Такие вот черные мысли преследовали меня после того, как Борис восстановил спокойствие в моем доме, уведя Констанс ужинать, а потом в ночной клуб. Возможно, я был слишком зол и, разумеется, сгущал краски. Но зачем так глупо играть жизнью? Зачем лгать, будто печальные воспоминания лишили ее покоя, когда вся ее жизнь восставала против этого и красноречиво убеждала в том, что она неспособна на такие сильные чувства. Зачем хвастаться самоубийством Рене, подобно низкопробному журналисту, падкому на сенсацию? Я не очень жалел Рене. Кто стал бы на моем месте притворяться, будто его огорчает смерть никчемного, но самоуверенного паразита? А все же, если бы Констанс оставила его в покое, он мог бы, как червяк, жить потихоньку в свое удовольствие. Кто станет специально сворачивать с дороги, чтобы раздавить червяка? Еще меньше жалел я Бориса. Его странная, бессмысленная славянская чувствительность делала его идеальной жертвой; воображаю, какие нелепые и бурные сцены устраивали они друг другу! Констанс, вероятно, была в восторге от этого, полагая, что наконец-то она участвует в чеховской пьесе, которая разыгрывается не на сцене, а в жизни. Мне оставалось только надеяться, что в Борисе было кое-что от русского барина и он хоть изредка бил ее. Могу себе представить, какое впечатление это на нее производило и как жестоко она ему мстила!
Интересно, какая Немезида покарает эту Гибриду?[12]
II
Мои размышления прервал новый звонок. Решив, что Констанс что-нибудь у меня забыла, я быстро оглядел комнату. Она имела обыкновение терять всякие золотые безделушки, но сейчас я не нашел ничего, даже пуховки. Неужели они вернулись, чтобы превратить мою квартиру в поле боя, разыграть передо мной еще одну сцену из «Идиота»? Притворяться, что меня нет дома, когда во всех окнах свет, не имело смысла. С величайшей неохотой я открыл дверь и увидел Мортона.

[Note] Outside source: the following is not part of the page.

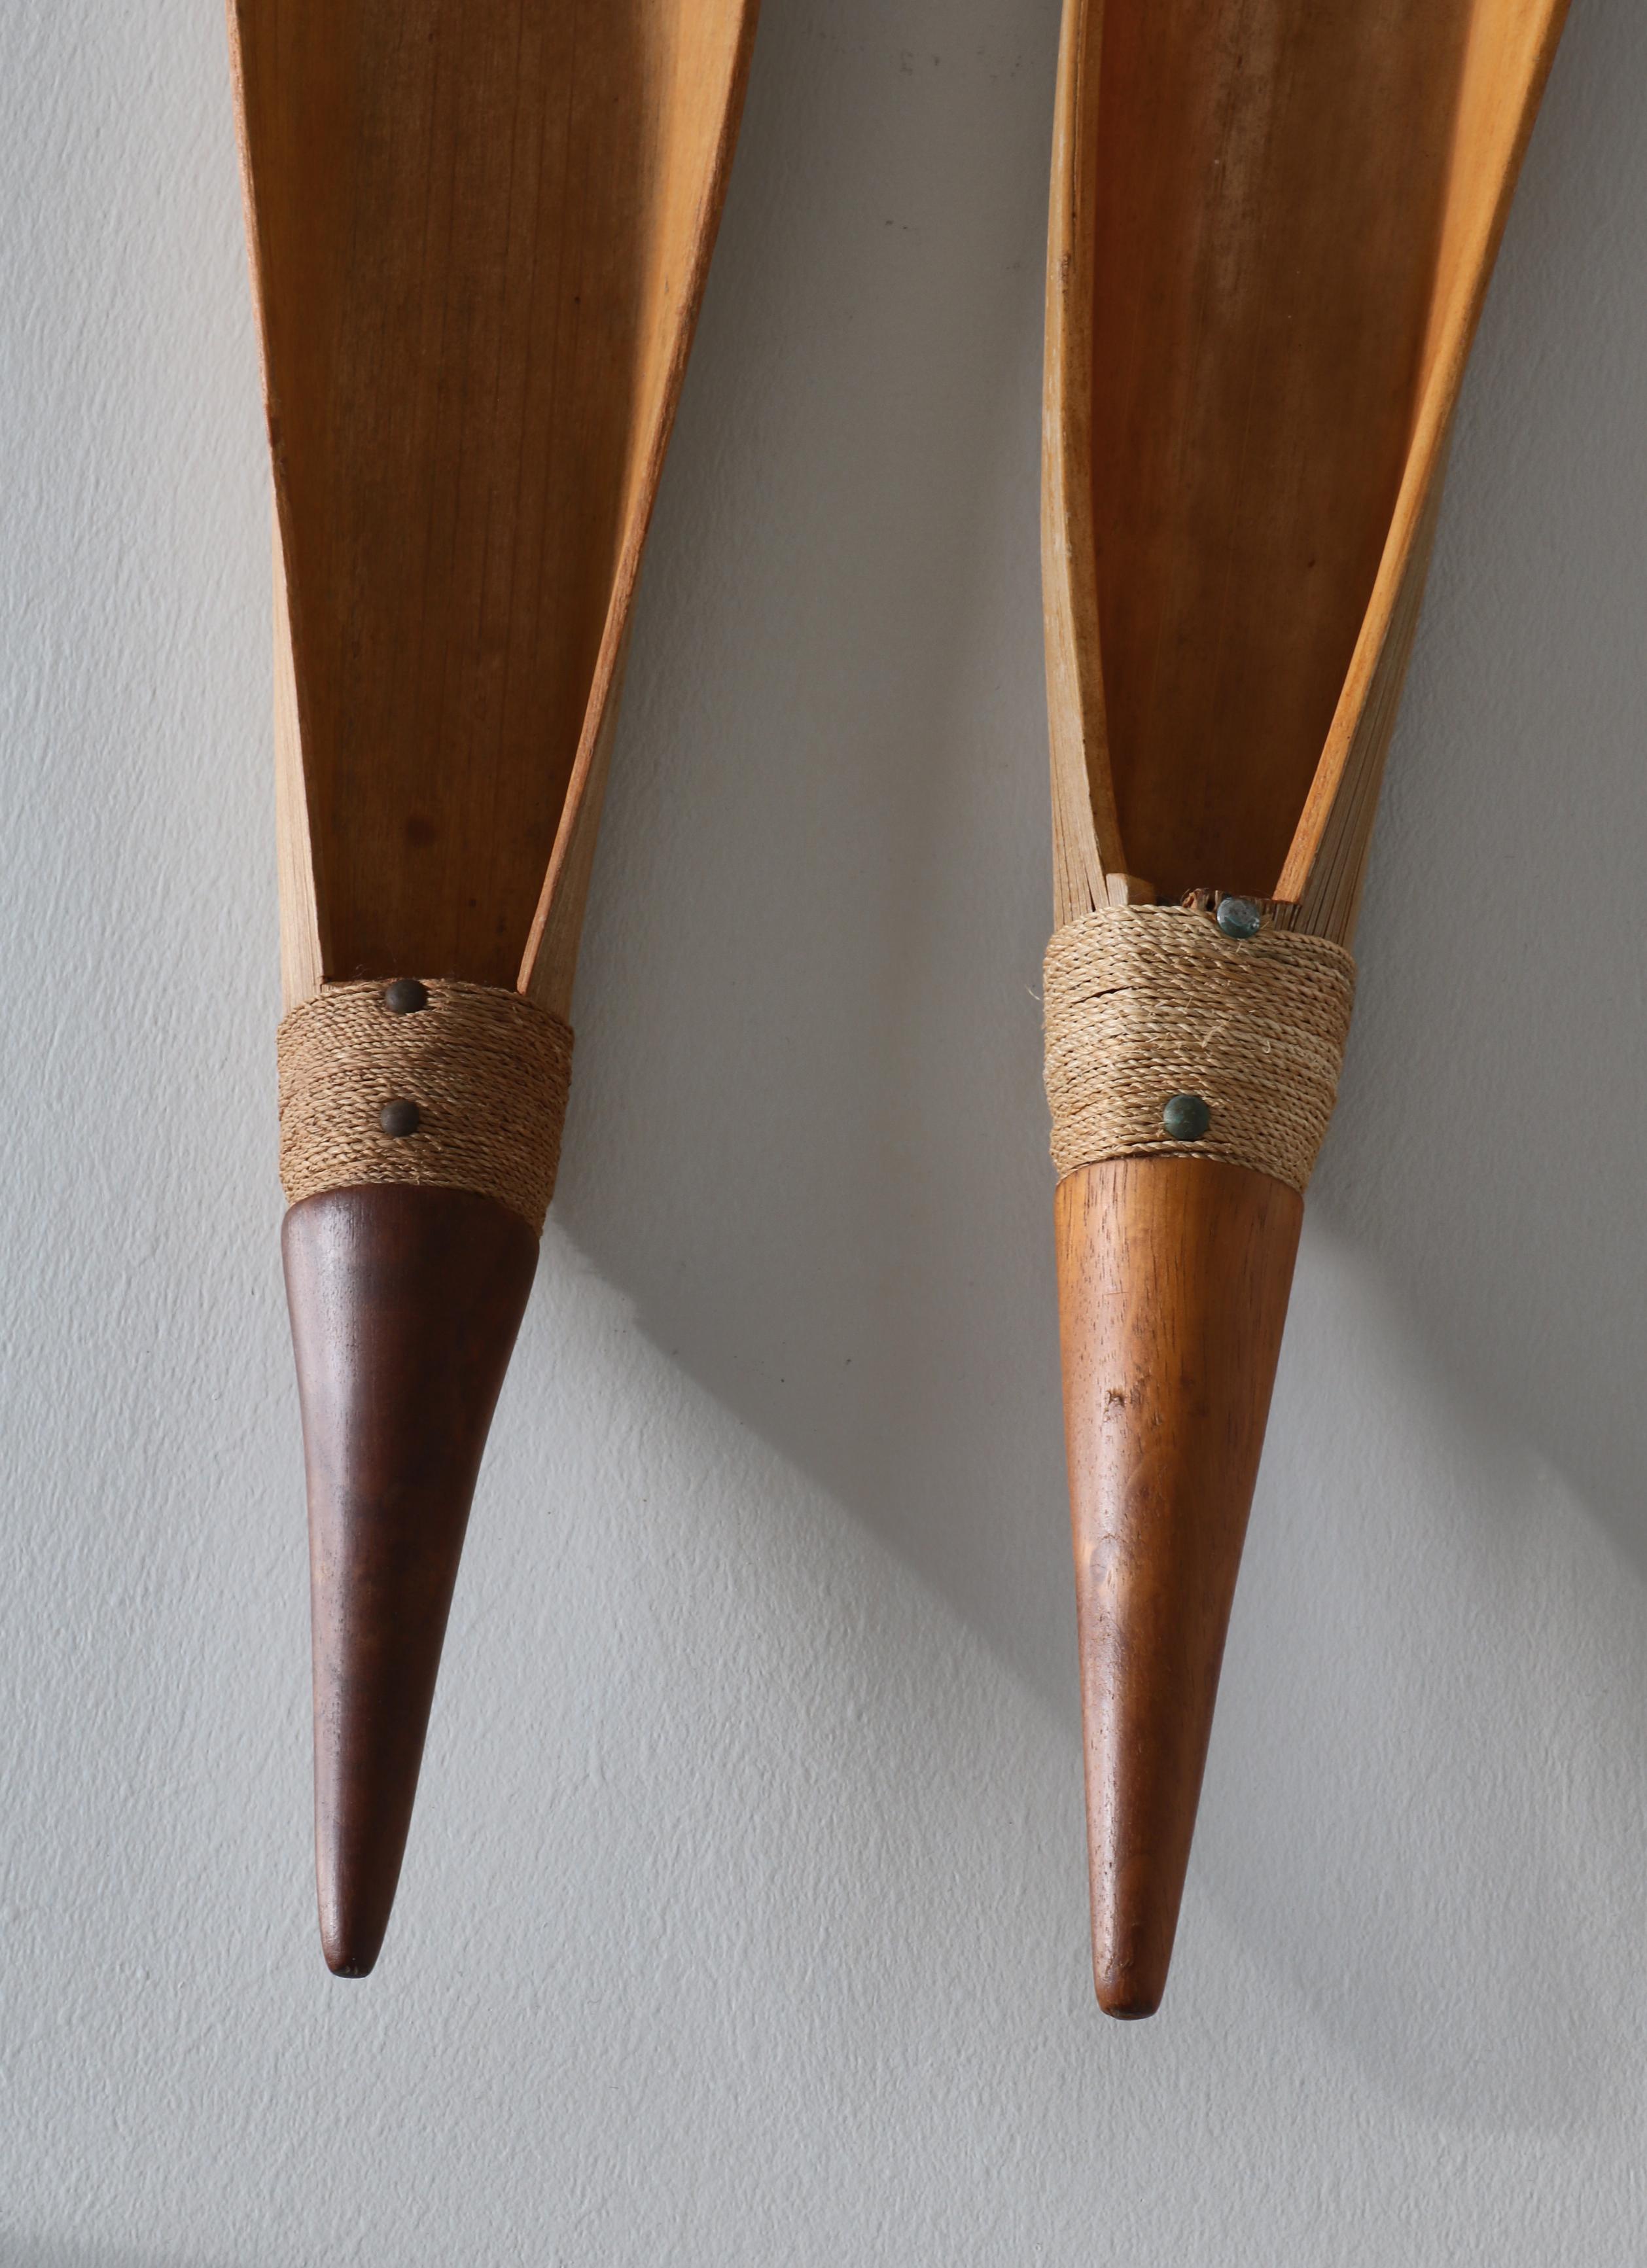 Illums Bolighus Decorative Palm Serving Bowls Teakwood Handles, 1950s, Denmark For Sale 2

— Привет! Как поживаете? — сказал он. — Заняты? Если да, я уйду.
— Нет. Заходите. Я очень рад вас видеть.
Мортон намного старше и гораздо терпимее к людям, чем я, — видимо, он умнее или, во всяком случае, опытнее меня. Так или иначе, но он достиг того возраста или состояния, в котором дух всегда безмятежен. Его ничто уже не волнует и не раздражает, как меня, — вероятно, потому, что он давно отказался от всякой надежды что-либо изменить.
Наливая ему вина, я нечаянно разбил стакан и выругался с излишней горячностью. Он сочувственно посмотрел на меня сквозь очки.
— Что-нибудь неладно?
— У меня-то все в порядке. Но полчаса назад здесь была Констанс и…
— А-а!
— Я уж решил было, что она бросила Бориса. Но тут он сам заявился сюда — очевидно, так они условились — и увел ее… А тут еще Рене покончил с собой.

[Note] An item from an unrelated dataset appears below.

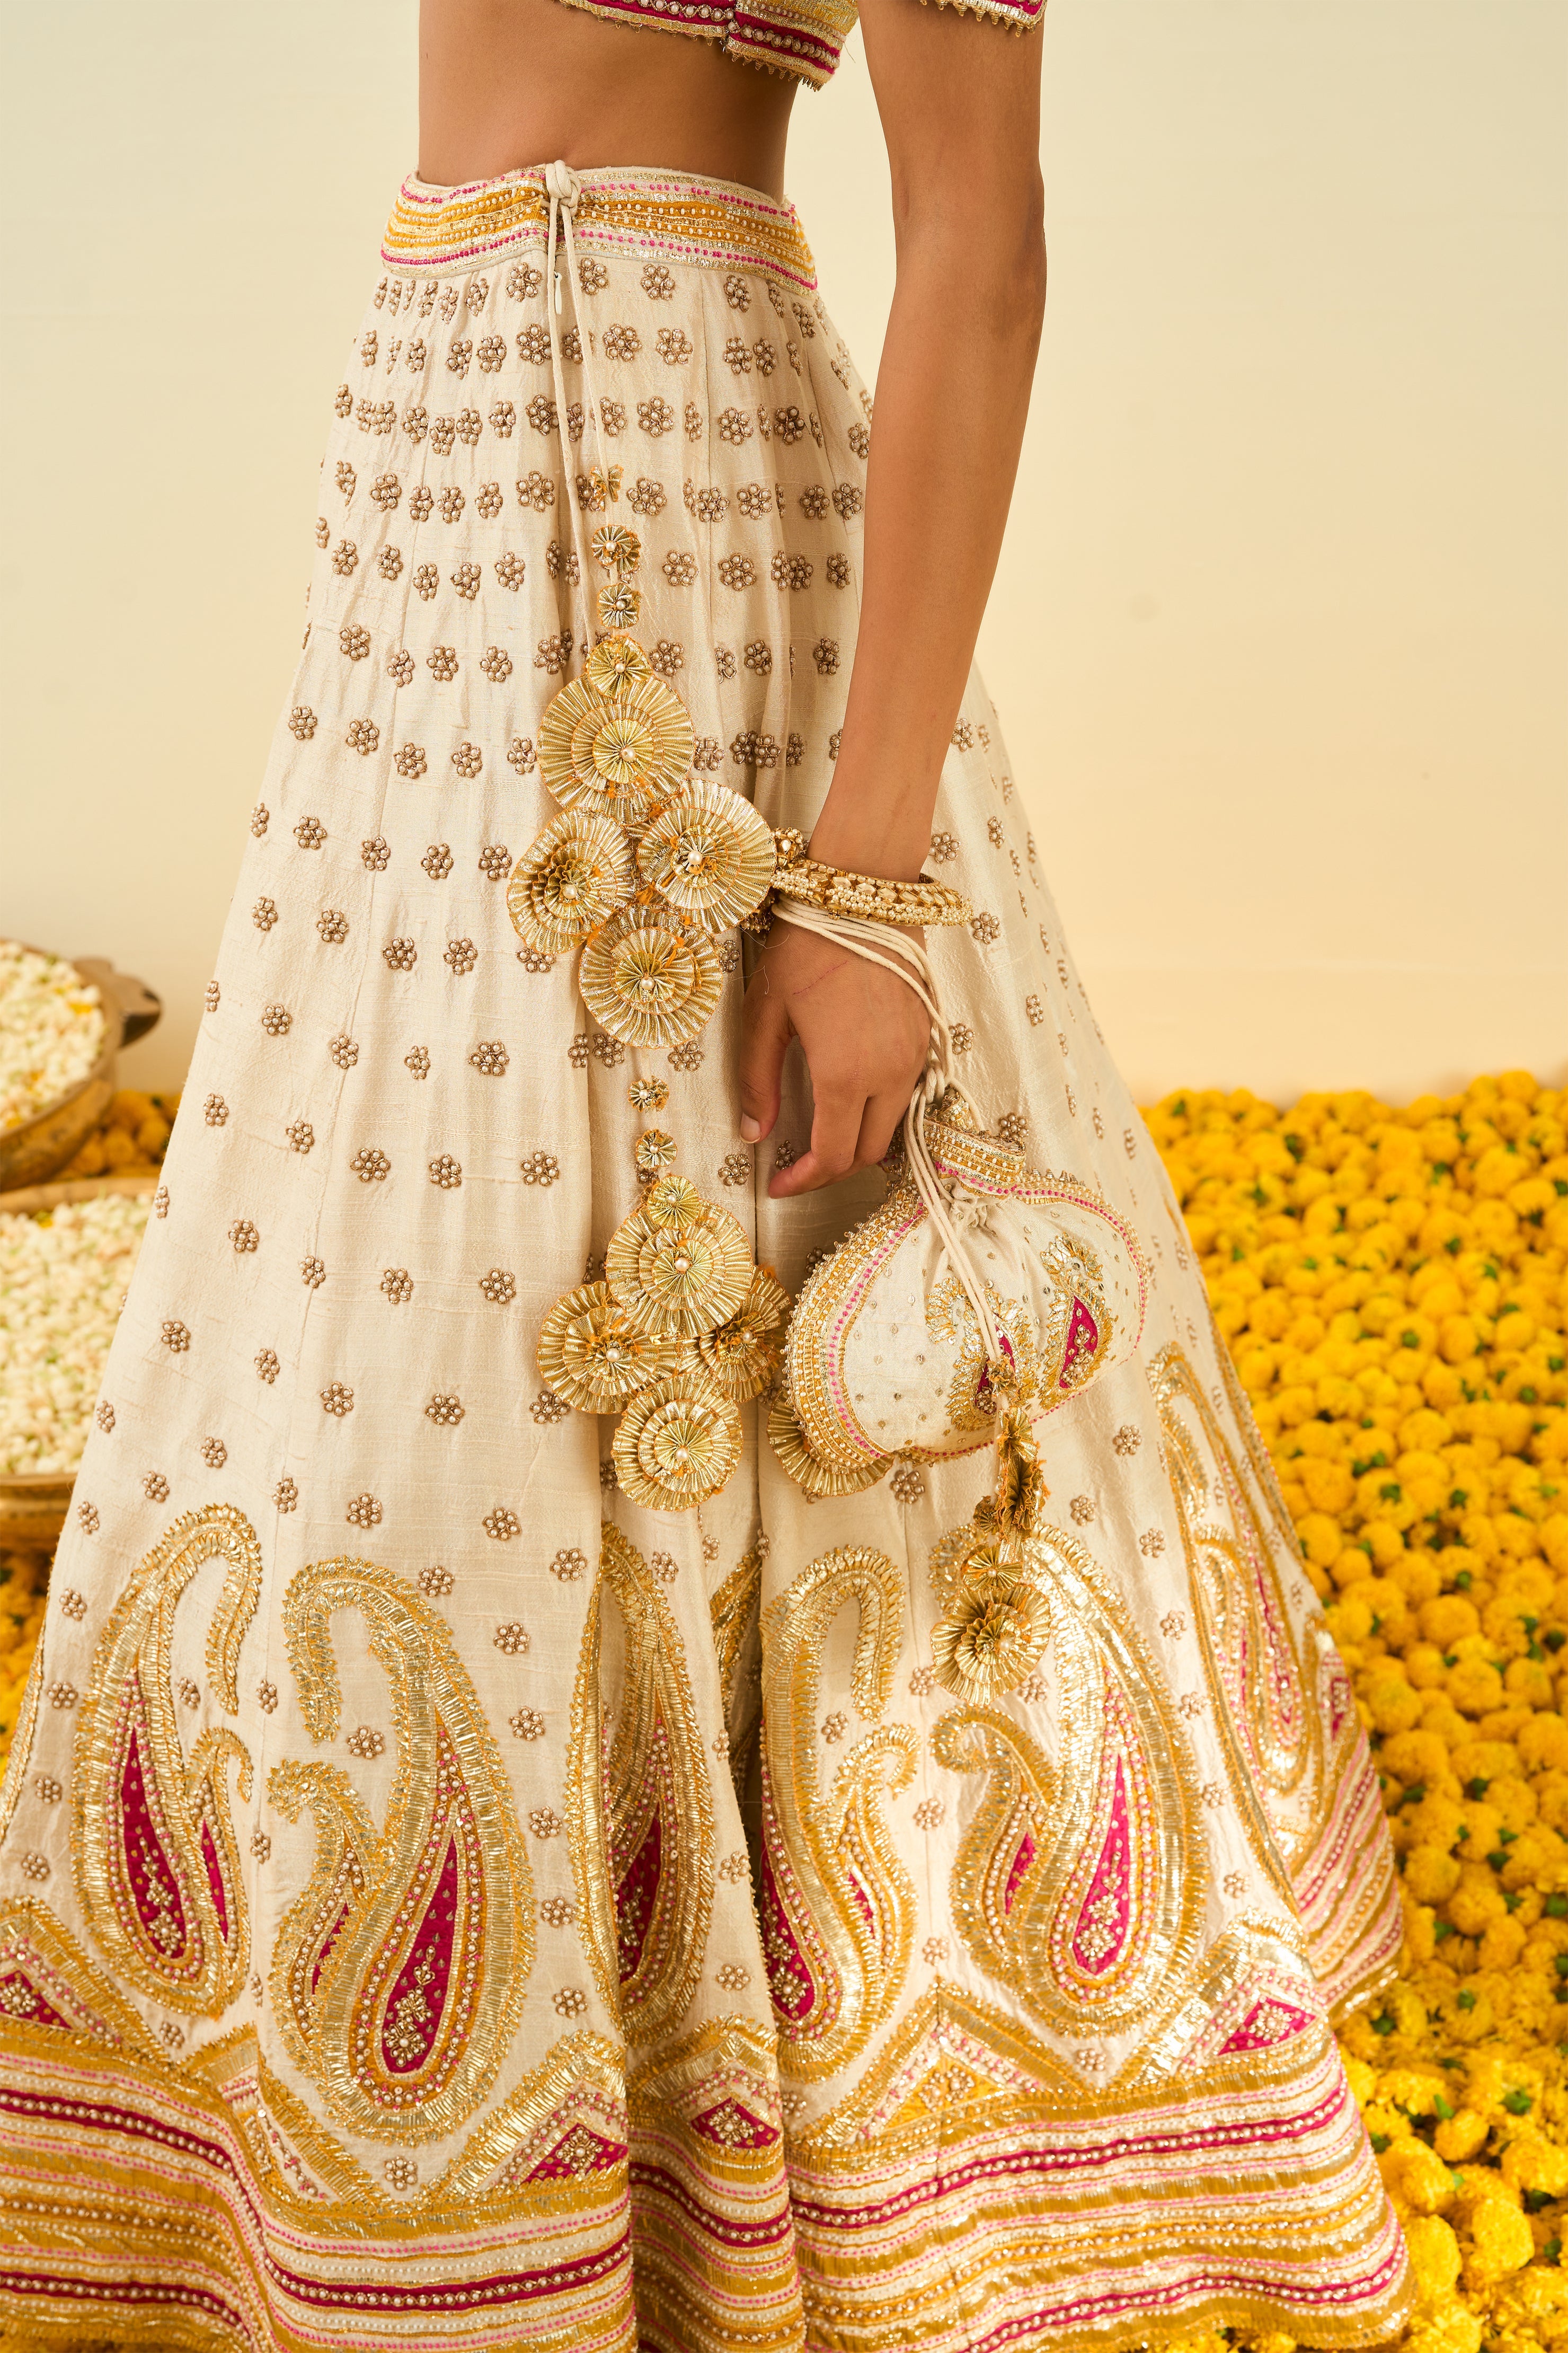 Sheetal Batra - Shahnaz - Daisy Ivory Embroidered Lehenga Set

— Жаль. У меня были кое-какие виды на этого юношу.
Я с удивлением взглянул на Мортона.
— На этого подонка? Я всегда считал его жалким ничтожеством. Ведь я сам видел, как он клянчил у Констанс деньги.
— Он был очень беден, а она, вероятно, казалась ему сказочно богатой. И очень расточительной. Того, что она просаживала за вечер, ему хватило бы на полмесяца. Но ради нее он ничего бы не пожалел. Он был молод, и чувству его нельзя отказать в искренности. Что, Констанс сильно расстроена?

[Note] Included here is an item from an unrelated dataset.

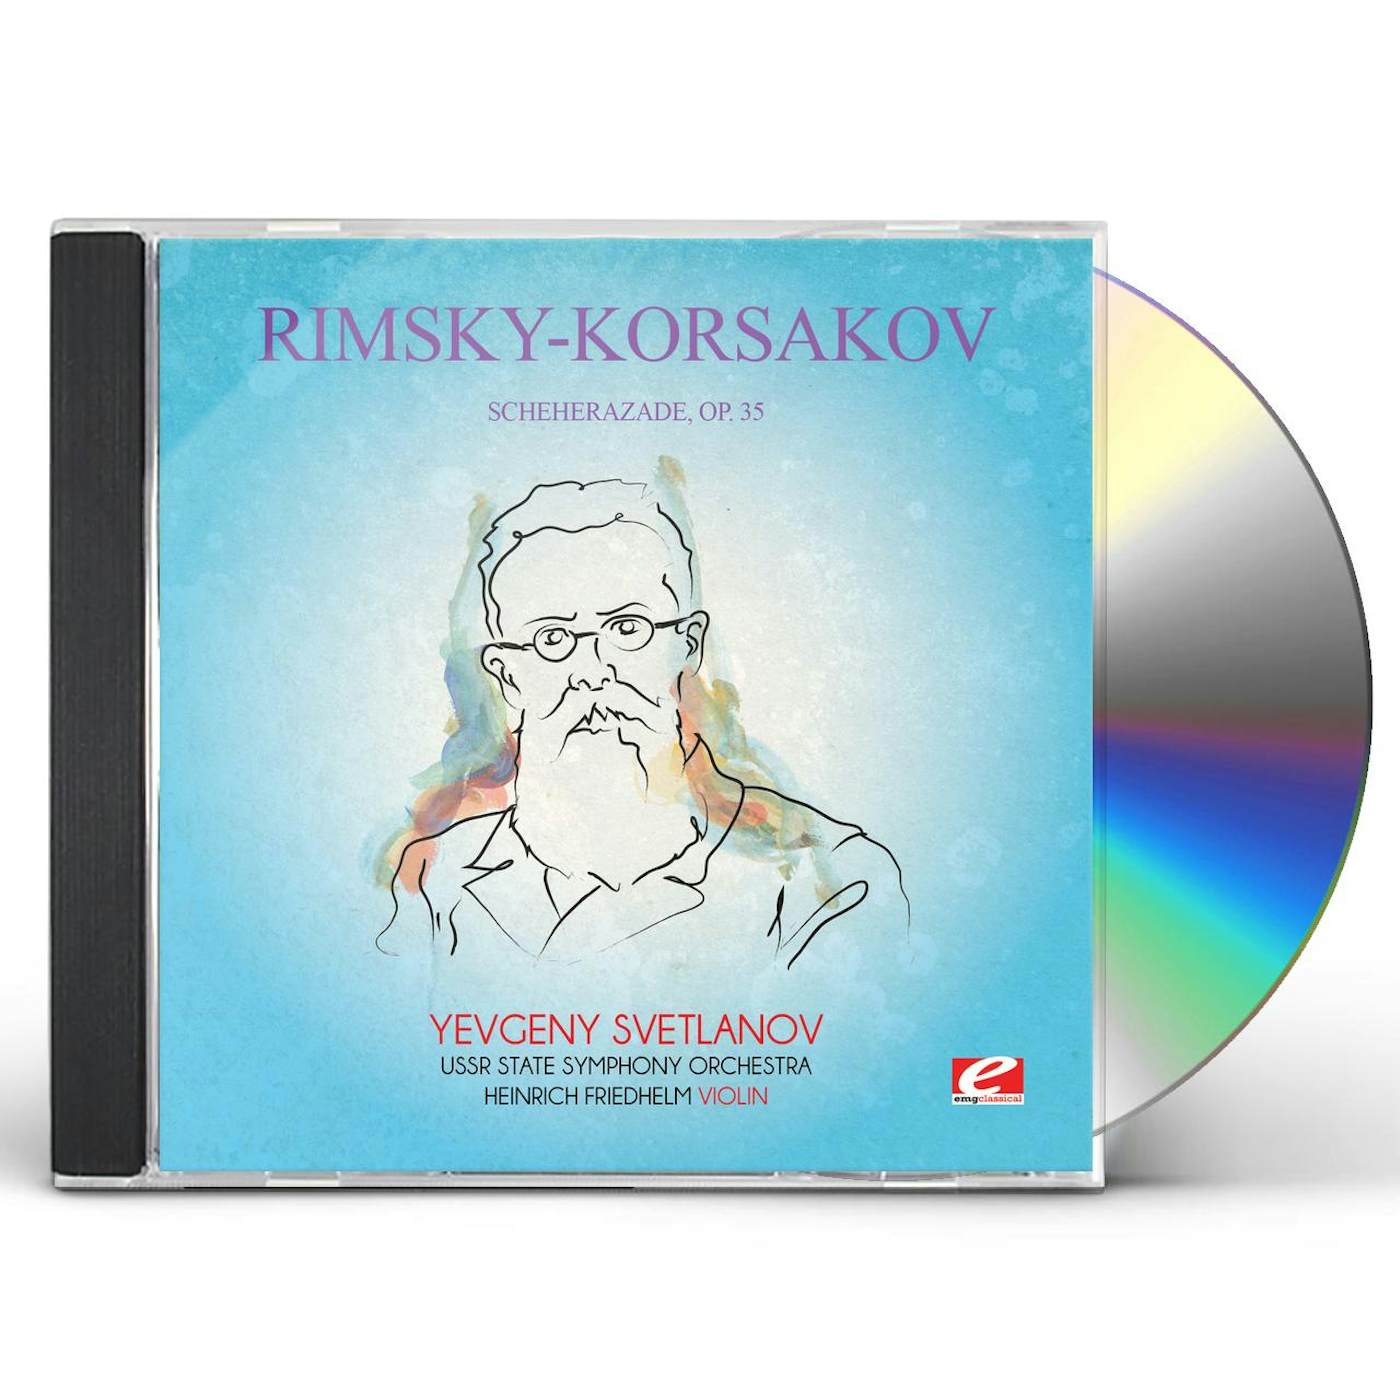 Rimsky-Korsakov SCHEHERAZADE 35 CD

— Не знаю, — сказал я, не скрывая раздражения. — Мне кажется, она разыгрывает какую-то роль, и это заставляет меня сомневаться в ее искренности. Сознаюсь, я не понимаю Констанс. Хотел бы я ее понять! Меня не интересует скандальная хроника ее жизни: пусть другие занимаются сплетнями. Мне кажется, порок — самое скучное, что только есть на свете. Он одинаково свойствен людям всех эпох, и неизбежная награда за него — содомское яблоко[13] и отвращение. Вполне естественно, но едва ли разумно было бы крикнуть: «Фу, срам какой! И не говори об этом!»[14] Но мне гораздо интереснее понять, как она дошла до такой жизни. Вот вы, например, чем это объясните?
Мортон вынул из круглого ящика для сигар, стоявшего на столе, длинную «панателлу» и не спеша закурил.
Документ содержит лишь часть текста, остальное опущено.